Two species of styelid colonial ascidians in the genus Syncarpa Redikorzev, 1913 are known from the northwest Pacific. The valid status of the lesser known species, Syncarpa composita (Tokioka, 1951) (type locality: Akkeshi, Japan), is assessed here. To assess the taxonomic identity of S. composita, we compared one of the syntypes and freshly collected topotypes of S. composita with a syntype of S. oviformis Redikorzev, 1913 (type locality: Ul’banskij Bay, Russia).

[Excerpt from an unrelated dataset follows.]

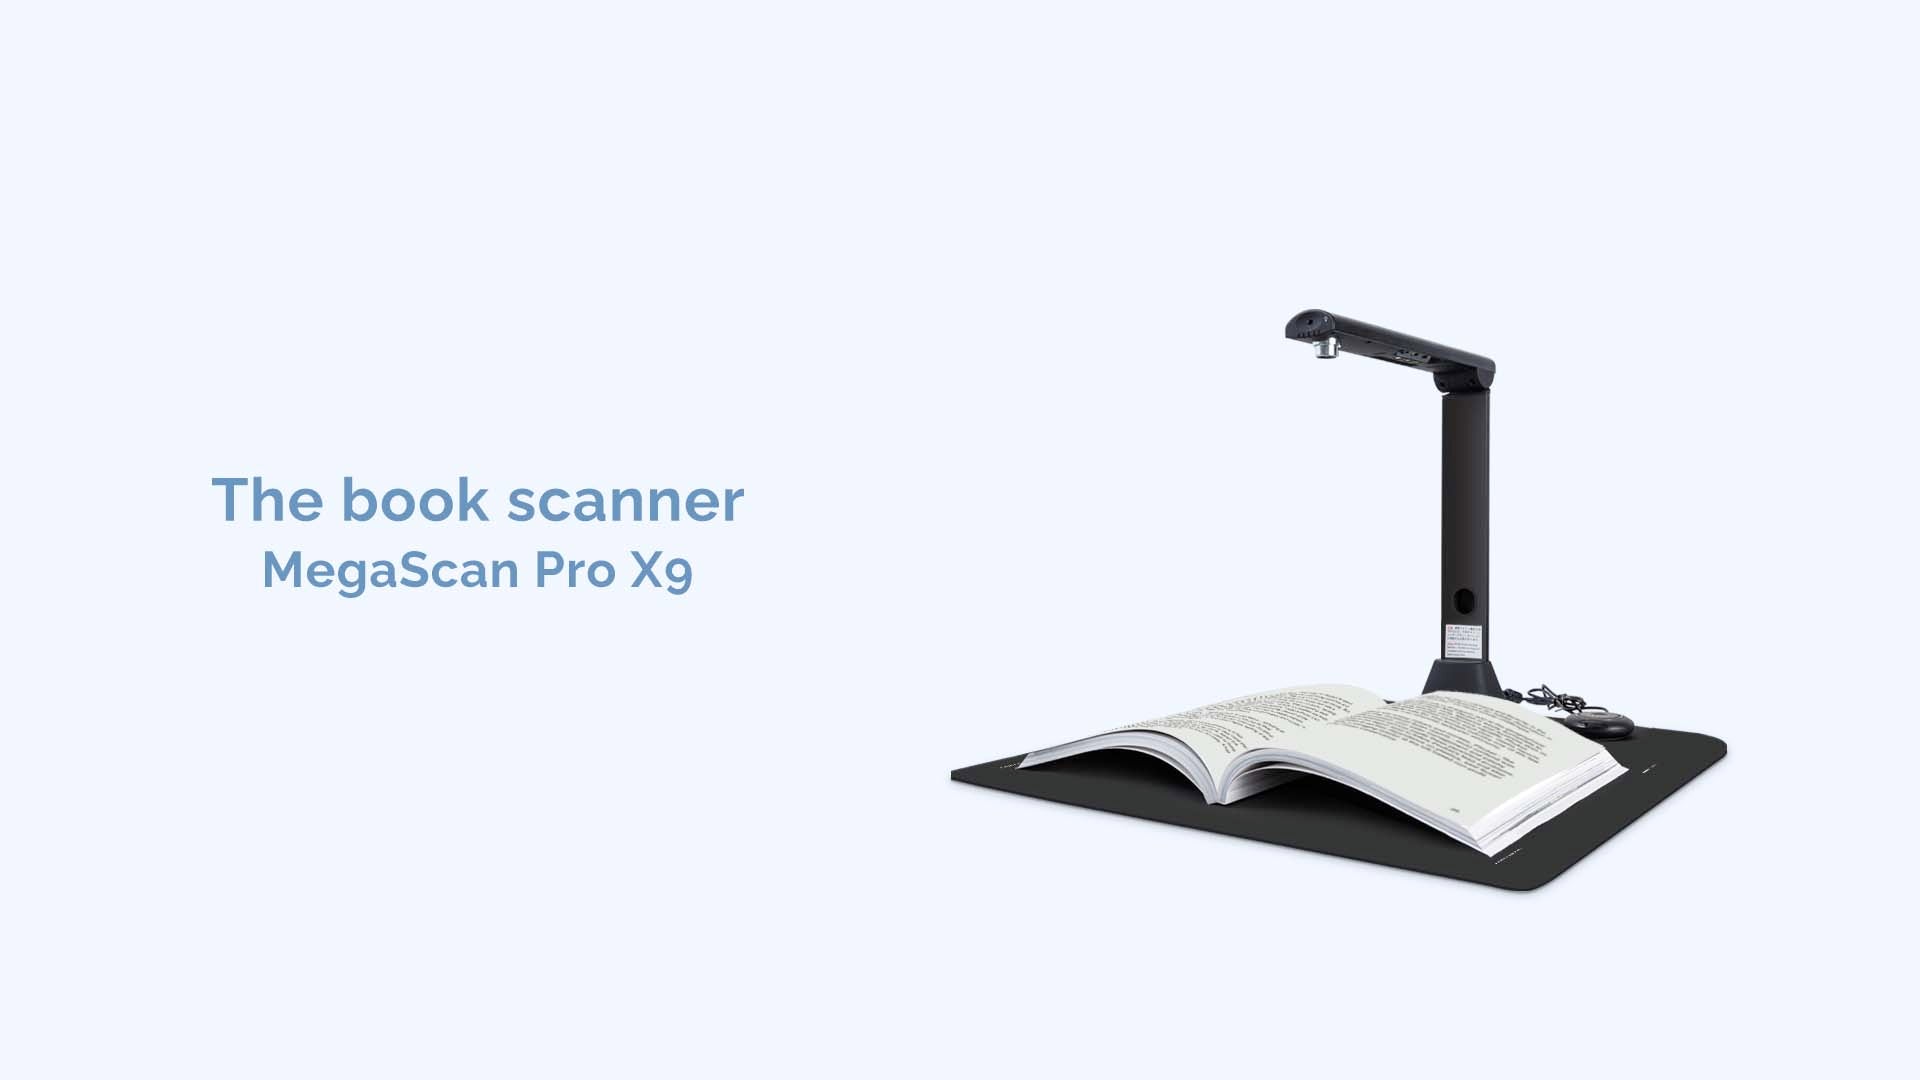 Megascan pro X9 book scanner

Specimens of S. composita consistently differed from the syntype of S. oviformis in the number of oral tentacles, the number of size-classes of transverse vessels, and the number of anal lobes. In this paper, S. composita is redescribed as distinct from S. oviformis, and its phylogenetic position inferred within Styelidae based on the 18S rRNA and cytochrome c oxidase subunit I gene sequences. In our phylogenetic tree, Syncarpa formed a well-supported clade together with Dendrodoa MacLeay, 1824. In Syncarpa and Dendrodoa, a single gonad is situated on the right side of the body, which is unique among Styelidae, and thus can be a synapomorphy for this clade.

Keywords

Chordata, COI, phylogeny, Sea of Okhotsk, taxonomy, Urochordata

Introduction

Syncarpa Redikorzev, 1913 is a member of the ascidian family Styelidae and consists of two species, Syncarpa composita (Tokioka, 1951) and S. oviformis Redikorzev, 1913. The two nominal species S. corticiformis Beniaminson, 1975 and S. longicaudata Skalkin, 1957, all from the Northwest Pacific, have been synonymized with S. oviformis by Sanamyan (2000). This genus is defined by the following four characters: i) colonial, with zooids reproducing asexually, ii) a single, well-developed fold is present on each side of the pharynx, iii) a single gonad is situated on the right side of the body, and iv) the gonad has several branches. Syncarpa composita is only known by the original description based on material from Akkeshi, Japan (Tokioka 1951). It was originally placed in a new monotypic genus Syndendrodoa Tokioka, 1951, which has been synonymized with Syncarpa by Nishikawa (1995).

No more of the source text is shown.